### Supplied information
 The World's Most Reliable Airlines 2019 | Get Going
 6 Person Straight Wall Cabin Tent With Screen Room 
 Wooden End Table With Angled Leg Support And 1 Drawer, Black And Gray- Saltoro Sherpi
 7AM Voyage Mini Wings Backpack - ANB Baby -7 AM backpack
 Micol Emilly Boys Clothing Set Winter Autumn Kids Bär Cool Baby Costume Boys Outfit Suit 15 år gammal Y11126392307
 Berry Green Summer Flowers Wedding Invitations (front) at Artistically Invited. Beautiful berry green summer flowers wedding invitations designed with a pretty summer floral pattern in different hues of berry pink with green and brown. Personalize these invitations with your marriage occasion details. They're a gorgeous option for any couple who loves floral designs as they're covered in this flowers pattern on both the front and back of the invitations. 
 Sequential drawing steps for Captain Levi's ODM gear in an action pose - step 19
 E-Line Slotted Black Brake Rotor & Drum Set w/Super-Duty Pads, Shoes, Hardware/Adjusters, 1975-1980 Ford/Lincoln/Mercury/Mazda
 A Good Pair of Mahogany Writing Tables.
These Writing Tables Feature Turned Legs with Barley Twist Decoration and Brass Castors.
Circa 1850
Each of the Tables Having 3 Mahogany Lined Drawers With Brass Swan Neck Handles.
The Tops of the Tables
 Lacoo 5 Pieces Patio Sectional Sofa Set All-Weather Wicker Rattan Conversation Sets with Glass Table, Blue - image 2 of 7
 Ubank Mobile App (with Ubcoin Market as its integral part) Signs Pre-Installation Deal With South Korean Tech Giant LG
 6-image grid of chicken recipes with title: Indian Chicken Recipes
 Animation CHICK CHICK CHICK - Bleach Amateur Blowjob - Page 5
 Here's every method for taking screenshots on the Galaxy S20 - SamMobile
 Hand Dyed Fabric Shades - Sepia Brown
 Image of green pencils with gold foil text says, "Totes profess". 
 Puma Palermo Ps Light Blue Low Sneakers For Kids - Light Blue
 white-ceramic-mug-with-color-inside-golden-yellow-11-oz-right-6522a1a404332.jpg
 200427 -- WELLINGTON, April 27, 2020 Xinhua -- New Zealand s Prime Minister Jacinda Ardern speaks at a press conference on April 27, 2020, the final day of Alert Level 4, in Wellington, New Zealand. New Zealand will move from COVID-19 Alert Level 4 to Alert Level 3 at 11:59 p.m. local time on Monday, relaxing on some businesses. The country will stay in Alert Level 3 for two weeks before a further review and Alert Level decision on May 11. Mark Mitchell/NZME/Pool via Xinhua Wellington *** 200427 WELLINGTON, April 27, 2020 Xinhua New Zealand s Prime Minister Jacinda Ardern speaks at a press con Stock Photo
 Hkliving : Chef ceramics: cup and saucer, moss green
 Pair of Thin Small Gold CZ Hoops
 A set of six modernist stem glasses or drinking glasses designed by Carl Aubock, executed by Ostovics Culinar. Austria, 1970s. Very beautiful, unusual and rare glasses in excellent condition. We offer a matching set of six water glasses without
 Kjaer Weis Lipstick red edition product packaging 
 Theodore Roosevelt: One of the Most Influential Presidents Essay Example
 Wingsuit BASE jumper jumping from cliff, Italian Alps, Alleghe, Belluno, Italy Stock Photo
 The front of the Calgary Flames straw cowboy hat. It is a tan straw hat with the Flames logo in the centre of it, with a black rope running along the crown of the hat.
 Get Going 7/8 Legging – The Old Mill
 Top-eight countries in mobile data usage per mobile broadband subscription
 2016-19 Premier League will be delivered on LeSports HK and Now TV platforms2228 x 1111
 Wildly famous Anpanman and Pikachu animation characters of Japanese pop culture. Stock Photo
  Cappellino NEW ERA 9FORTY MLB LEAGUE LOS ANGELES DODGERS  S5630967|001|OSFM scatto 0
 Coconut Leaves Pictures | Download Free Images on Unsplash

### Exercise
Could you copy each line in the listing above that includes the word "Mahogany"?

### Response for this exercise
 A Good Pair of Mahogany Writing Tables.
Each of the Tables Having 3 Mahogany Lined Drawers With Brass Swan Neck Handles.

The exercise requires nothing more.